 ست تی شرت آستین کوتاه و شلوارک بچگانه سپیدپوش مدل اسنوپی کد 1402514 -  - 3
----------
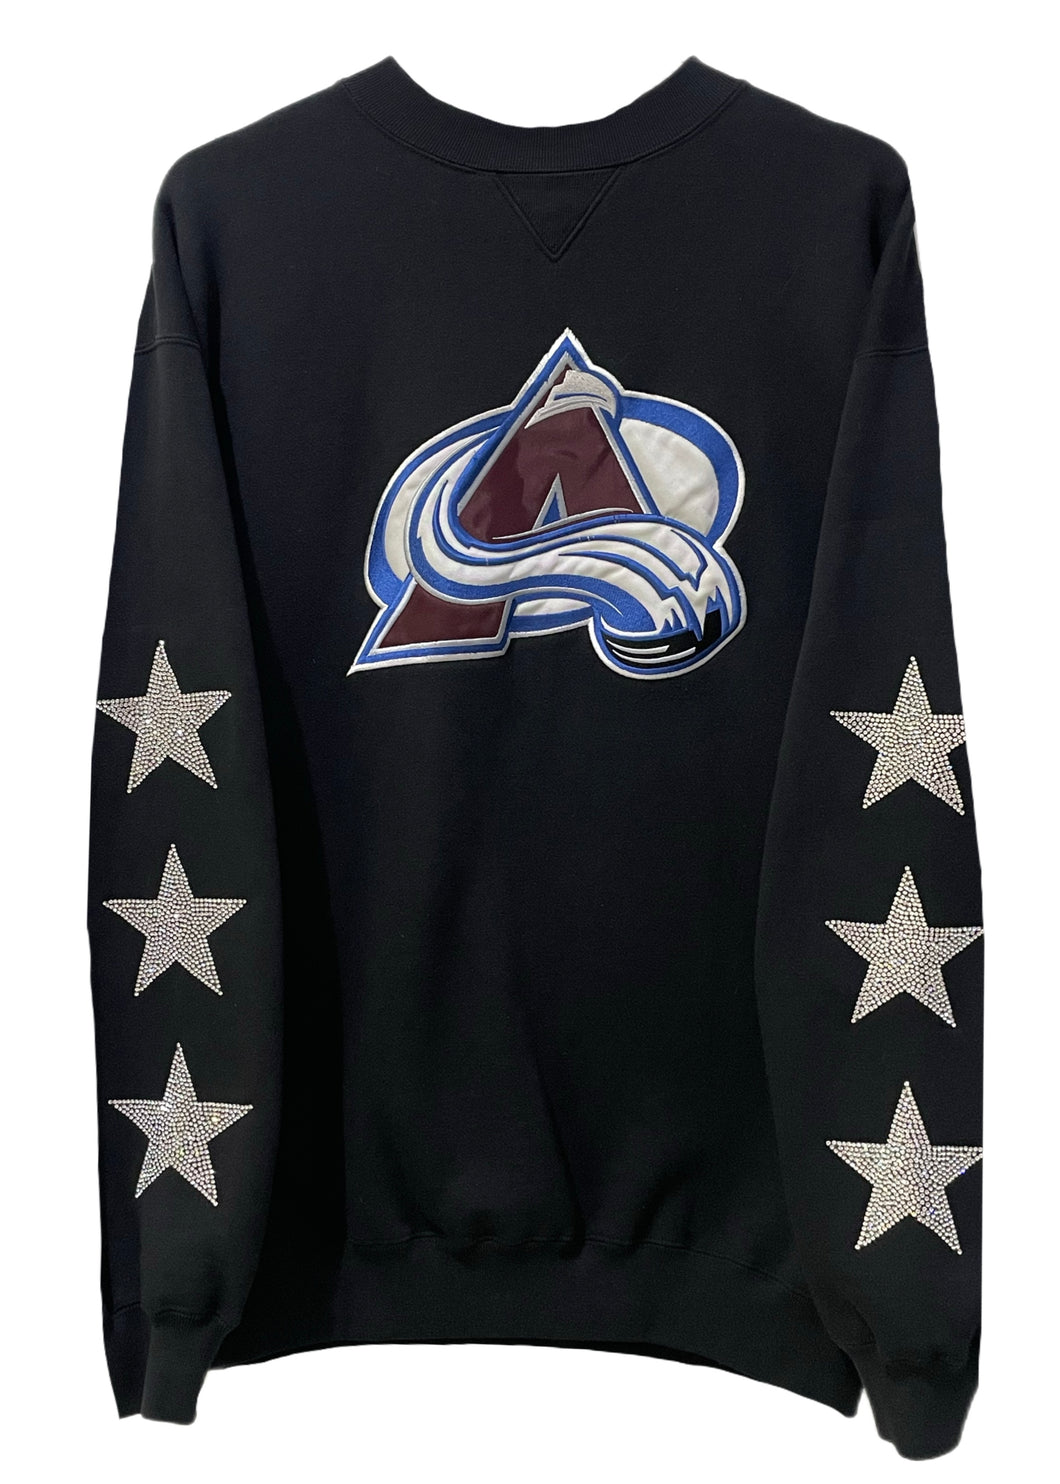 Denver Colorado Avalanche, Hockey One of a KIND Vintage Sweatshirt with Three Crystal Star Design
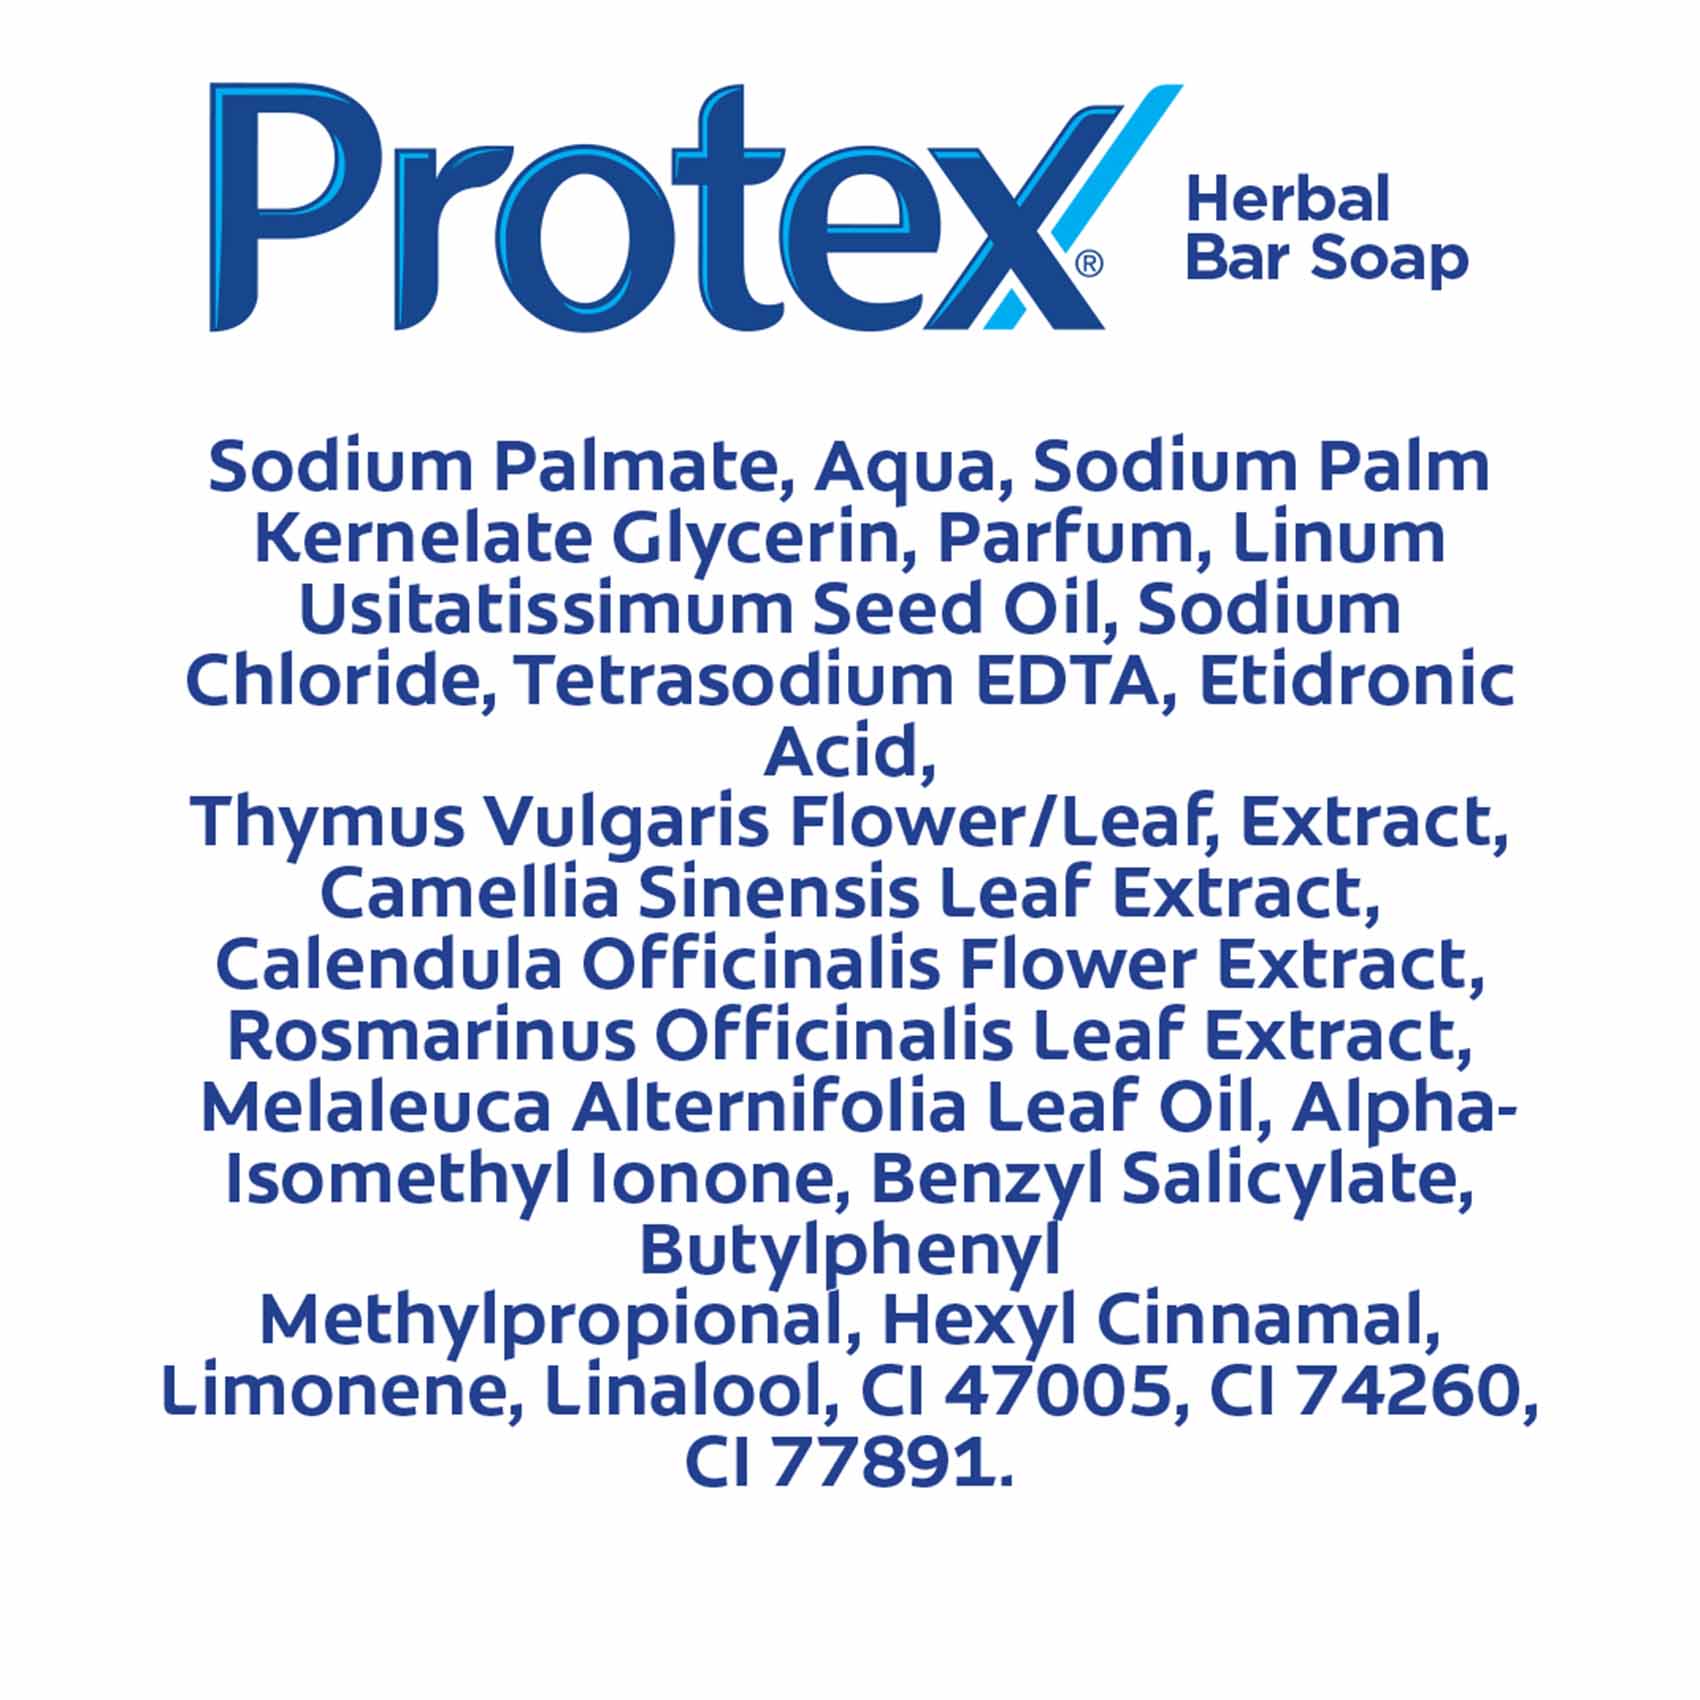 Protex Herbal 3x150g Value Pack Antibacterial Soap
----------
Above are the records; copy from them only the lines starting at the one containing "Denver Colorado Avalanche, Hockey" and ending at the one containing "Protex Herbal 3x150g", exactly and without pictures.

Output for this task:
 Denver Colorado Avalanche, Hockey One of a KIND Vintage Sweatshirt with Three Crystal Star Design
 Protex Herbal 3x150g Value Pack Antibacterial Soap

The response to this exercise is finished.